External validation of the predictive model.

Discussion

In this study, the surface contour of the mass and the degree of enhancement on contrast chest CT were found to be predictive factors for thymoma in thymic abnormalities smaller than 3 cm. As screening for lung cancer by low-dose CT is becoming popular, the detection rate of mediastinal masses is simultaneously increasing. In this study, thymic abnormalities were also detected by low-dose CT (LDCT) in most patients, and enhanced CT was performed 3 or 6 months after the first LDCT. In practice, when a small thymic abnormality is found on LDCT, enhanced CT is recommended after 6 months. McErlean et al. (1) and Henschke et al. (5) reported recent trends in detecting asymptomatic thymic abnormalities. In their study, thymic masses were the most frequent type of mediastinal mass, with a prevalence of 0.45% cases at baseline CT screening, and 87.8% of the thymic masses were smaller than 3.0 cm. The possibility that a small thymoma will invade adjacent structures or lymph nodes is very low, and needle biopsy is contraindicated for such small thymomas. Therefore, if a small thymic lesion is securely identified as thymoma, early surgical resection and minimally invasive surgery are actively recommended. In contrast, small cystic lesions can be followed without surgical resection, even though surgery is indicated for very large cystic lesions. However, discriminating thymomas from thymic cysts is very difficult in the setting of small thymic abnormalities. Therefore, non-therapeutic thymectomy rates have been reported to range from 22% to 68% (6,7). However, in most cases, thymic abnormalities larger than 3 cm were treated by surgical resection regardless of their characteristics (cyst or mass). Furthermore, thymic abnormalities larger than 3 cm are well differentiated from thymomas and thymic cysts by MRI. Therefore, we enrolled patients with thymic abnormalities measuring 3 cm or less.

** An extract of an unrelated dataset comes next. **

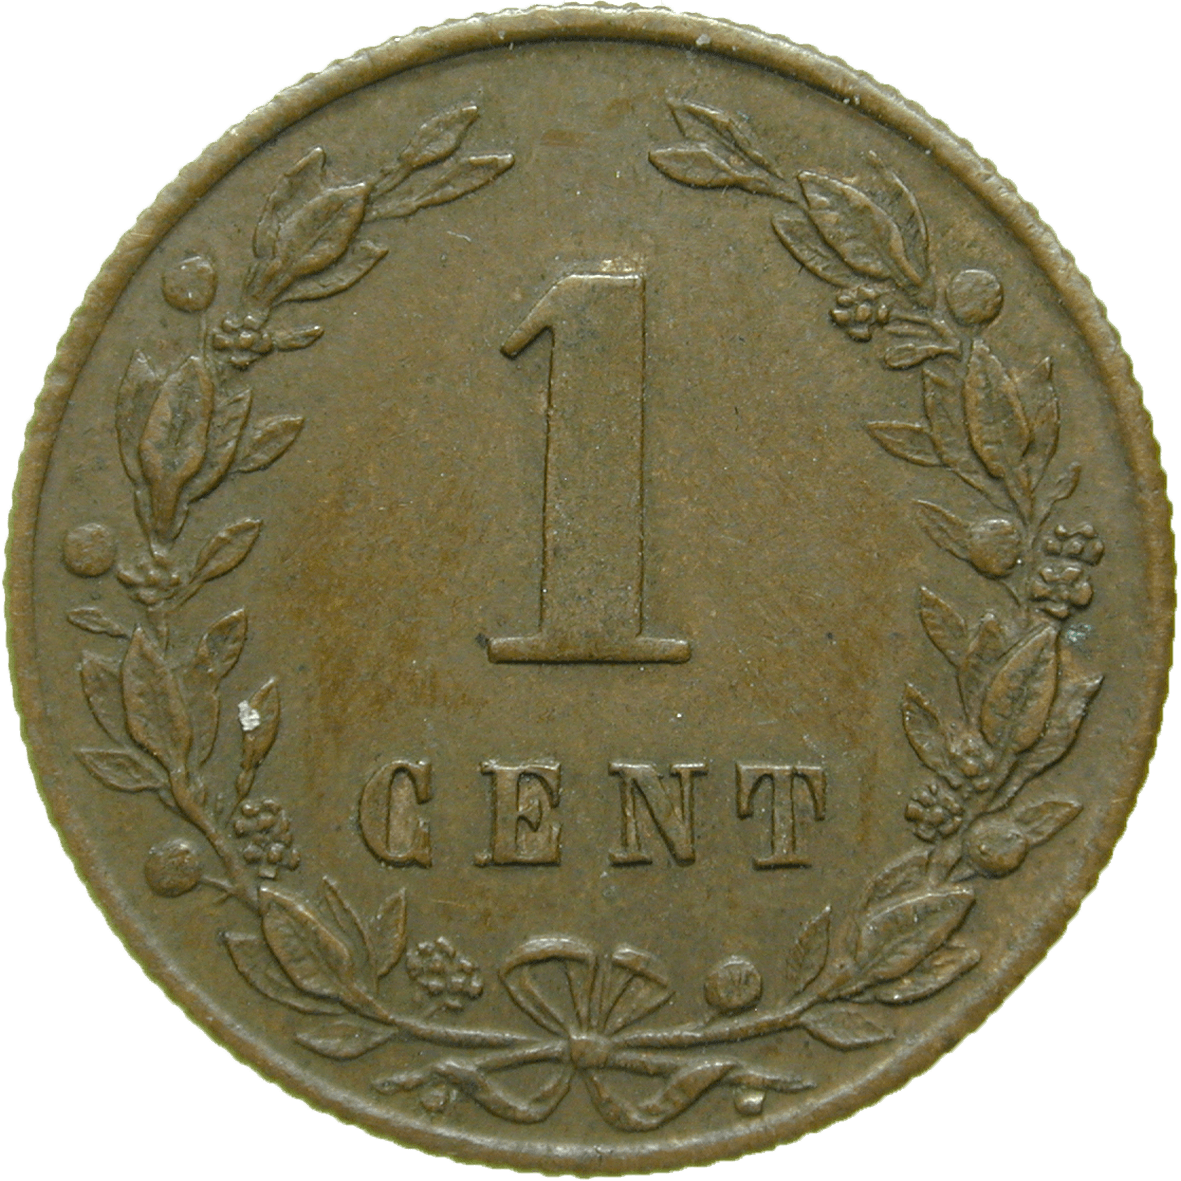 Kingdom of the Netherlands, William III, 1 Cent 1881 (reverse)

Non-invasive thymoma is usually well-defined, has smooth contours, and shows homogeneous attenuation. In contrast, invasive thymoma is more likely to have a lobulated or irregular contour, and has a higher prevalence of low-attenuation areas and calcification within the tumor than non-invasive thymoma on CT (8). Thymic cysts typically manifest as well-circumscribed anterior mediastinal masses with water attenuation (9,10). When thymic cysts grow on the mediastinum-lung border, they are blocked by adjacent mediastinal structures; therefore the surface contour conforms to those structures (11).

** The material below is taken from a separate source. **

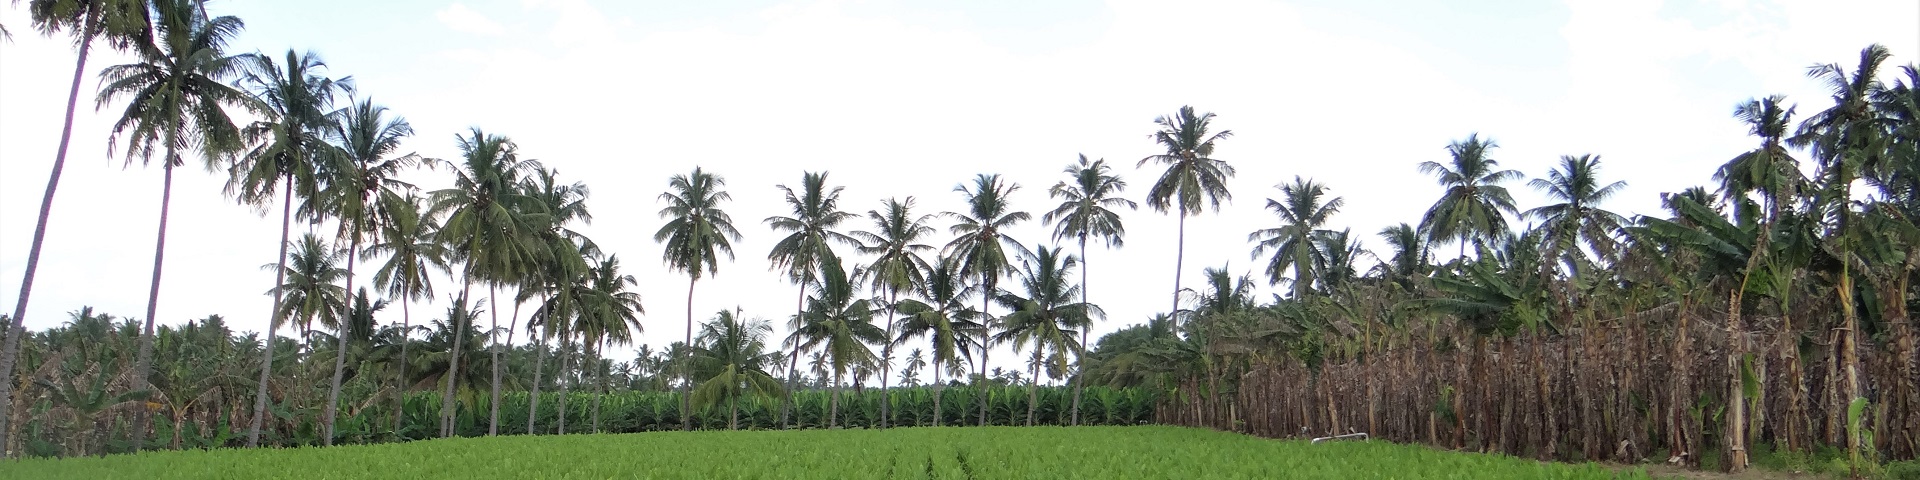 A turmeric plantation.

According to a previous study, the diagnostic accuracy of thymoma by radiologists was 84% for CT and 85% for MRI, and that of thymic cyst was 46% for CT and 71% for MRI (3). In our study population, the diagnostic accuracy of the radiologist’s reading based on CT scans was 60.5% for thymoma and 87.7% for thymic cyst. Furthermore, the readings were not confirmative, but were generally indicative of suspicion for the given entity. In contrast, the diagnostic accuracy of our model based on the same CT scans that the radiologist read for diagnosis was 82.4% and 88.9% for thymoma and thymic cyst, respectively, in the internal validation, and 88.8% and 100.0% in the external validation (with a cut-off value of 52.9 decided by the maximal Youden index). Further, our model diagnosed both thymomas and thymic cysts well at both ends: all cases with a score >58 points (26.3% of the study population) were diagnosed as thymomas and all cases with a score <30 points (13.2% of the study population) were diagnosed as thymic cysts. Among the cases misdiagnosed by the radiologist, 82.3% were diagnosed correctly by our diagnostic method.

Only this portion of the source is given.